Oosthuizen put on a Boston clinic

NORTON, Mass. -- A long time ago, David Duval said playing in a tournament with Tiger Woods was a pretty straightforward task because you knew in order to beat him, you had to make birdies. And that's been true for close to 20 years.

Woods was always the pacesetter and the front-runner. To keep up with him you had to capitalize on every opportunity to make birdies. As a player, you watched what he was doing to know what you needed to do to stay near the lead.

On Sunday, Woods and Rory McIlroy were supposed to be the pacesetters in the third round of the Deutsche Bank Championship, but Louis Oosthuizen made them and the rest of field look like they were running at a snail's pace as he started his round with birdies at eight of the first 10 holes.

Playing in the final pairing with McIlroy, the 29-year-old South African stole the show at TPC Boston with an 8-under-par 63 that included a tournament-record 29 on the front nine as well as seven consecutive birdies.

Heading into a final round on Labor Day, Oosthuizen is 19-under with a 3-shot lead over McIlroy, who had a 67 on Sunday.

"Yeah, obviously the start anyone would dream of on that front nine," Oosthuizen said. "I made everything, so you get those days where you just look at a putt and you hole it.

"Once I started getting birdies, making putts, I started going at the pins because my swing felt great, and after 10 holes being 8-under, you always think about getting it to 59. But I think it would have been really tough playing tomorrow shooting in the 50s today. So I'm very happy with my 8-under today."

Remember, Oosthuizen is the same guy who won the 2010 Open Championship by 7 shots at St. Andrews. He's the man who had a double-eagle at the second hole in the final round of the Masters in April, where he lost in a playoff to Bubba Watson. So it's not surprising to see him raise his game to a high level against the best players in the world in the pressure of his first FedEx Cup playoffs.

What will be interesting now is to see how well Oosthuizen handles the lead on Monday with the likes of McIlroy, Dustin Johnson and Woods trying to chase him down.

At the beginning of the third round, the way was clear for McIlroy and Woods to meet in the final pairing on Monday afternoon. We'll have to wait at least another week for two of the game's biggest stars to play head-to-head on the last day of a tournament.
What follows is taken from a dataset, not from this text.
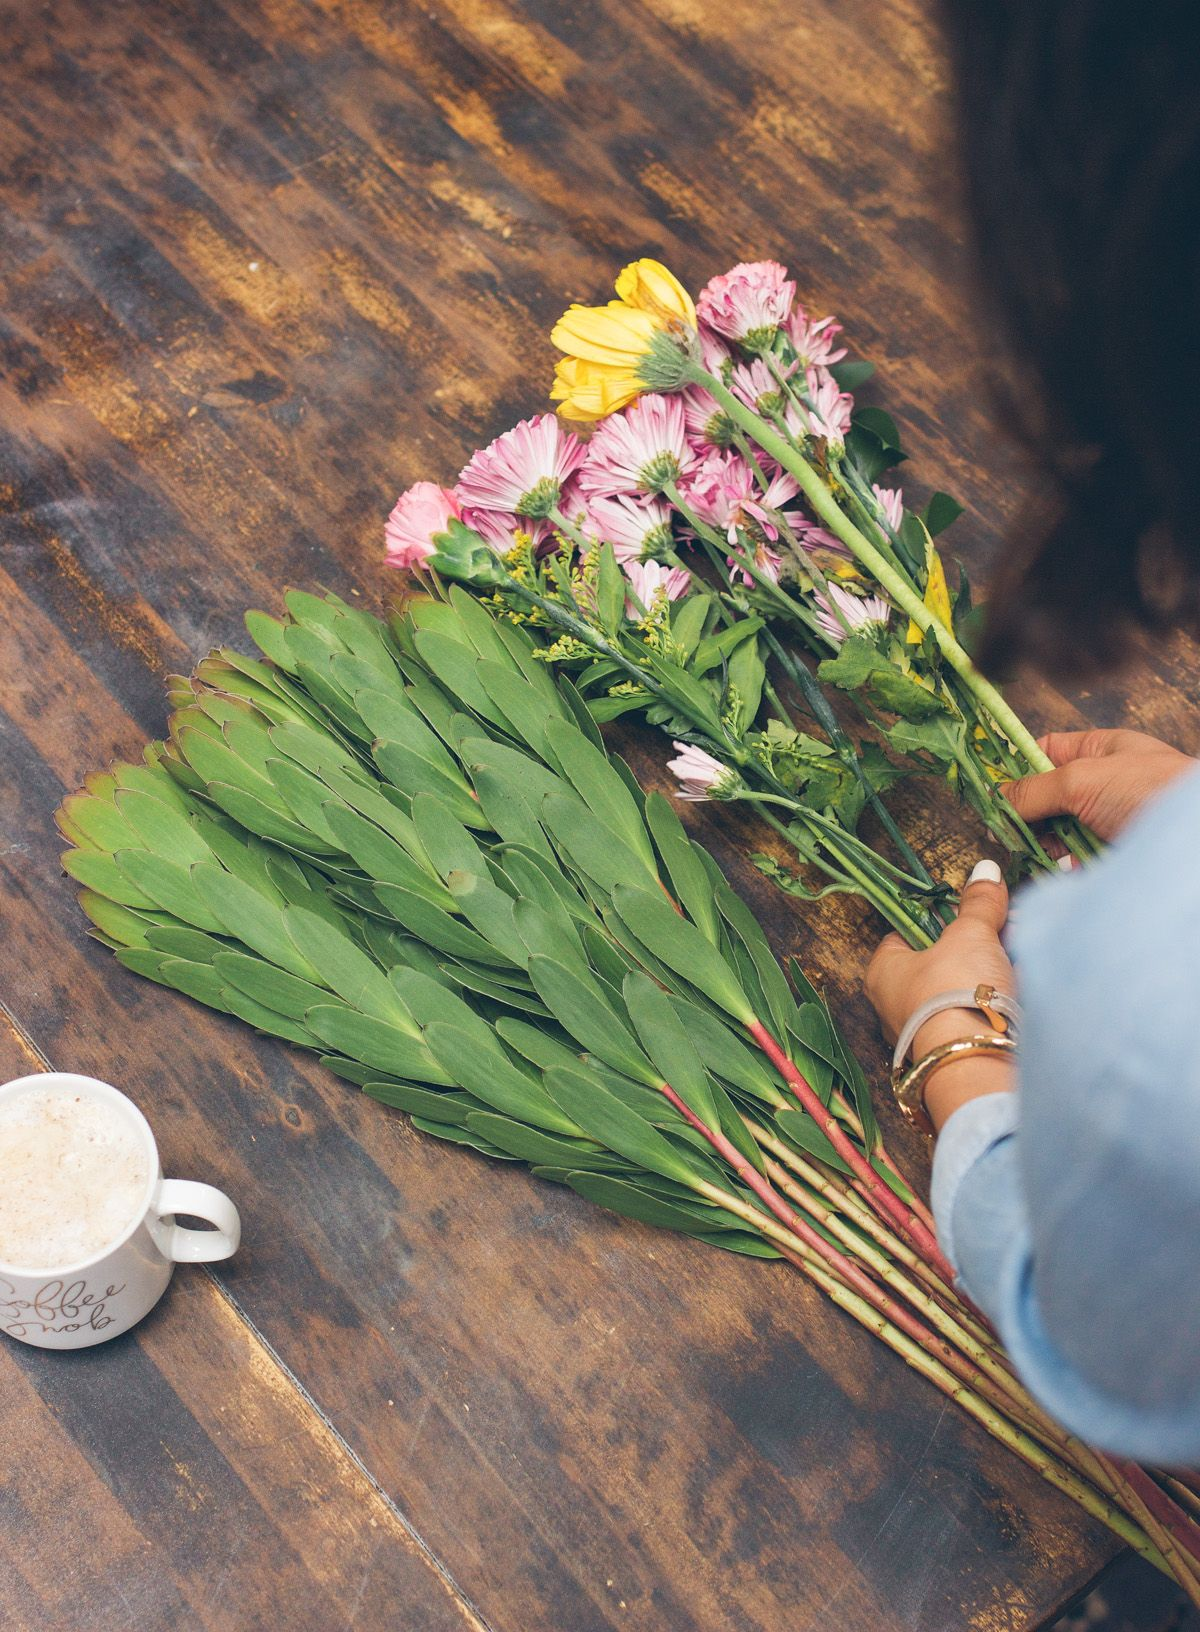 arranging flowers at home, easy flower arrangement

But in the meantime, we get to see how they will do as chasers in these playoffs.

On Sunday, Tiger didn't succumb to the third-round doldrums that have characterized some of his recent play. He had a respectable 68 that leaves him tied for third at 13 under and 6 shots off the lead. Woods was feeling hopeful about his chances on Monday.

"It won't surprise me if somebody shoots 8 or 9 under par tomorrow because of where the pin locations are," Tiger said. "It may be early, it may be late, who knows, but hopefully I am one of those guys."

When Tiger won here in 2006, he shot a front-nine 30 in the final round to catch and beat Vijay Singh. Woods has only 23 comeback wins after 54 holes in 74 PGA Tour victories. Earlier this year, he came from 4 strokes back heading into the final round to win the Memorial and a shot back at the AT&T National.

Early Sunday afternoon it looked like McIlroy was going to be the man that Woods and others would be trying to catch. But after 10 holes, McIlroy was 6 shots behind Oosthuizen.

"I was delighted when I got the honor back on the 12th tee, but it was great to watch," McIlroy said of Oosthuizen's birdie binge. "Louis is the sort of player that can do that. He's very explosive, and he didn't really put a foot wrong today."

On Easter night, I was in the Augusta National clubhouse when Oosthuizen came in after losing that playoff to Watson. He didn't look dejected or downbeat. When he could have asked for hugs, he tried to console his family, friends and fellow countryman, Charl Schwartzel, who won the previous year's green jacket.

Oosthuizen said Sunday night that he had a new level of confidence in his game. He knew his win at St. Andrews wasn't a fluke, and that he had the ability now to win multiple majors.

On Labor Day, he'll have the opportunity to show that he can beat a couple of major champions in a very important tournament. He will play with McIlroy again in the final pairing, and have Tiger and Dustin Johnson in the penultimate group.

These players know what they need to do to run down Oosthuizen.

Tiger hasn't been in this position often in his career. He's always shot low scores when it counted the most, but nearly always on his terms, when no one else could do it as consistently or with as much drama. On Monday, he'll need to come out quickly with a bogey-free card full of birdies and even an eagle or two at the par 5s.

Pars won't get it done.

The 14-time major winner now has that same very straightforward task that he set down for others during his prime, to make birdies -- continuously.

Based on the way Oosthuizen played on Sunday, he is likely to match Woods and all comers with his own great shots and birdies.

With their hard work, all these players will certainly do justice to the spirit of Labor Day.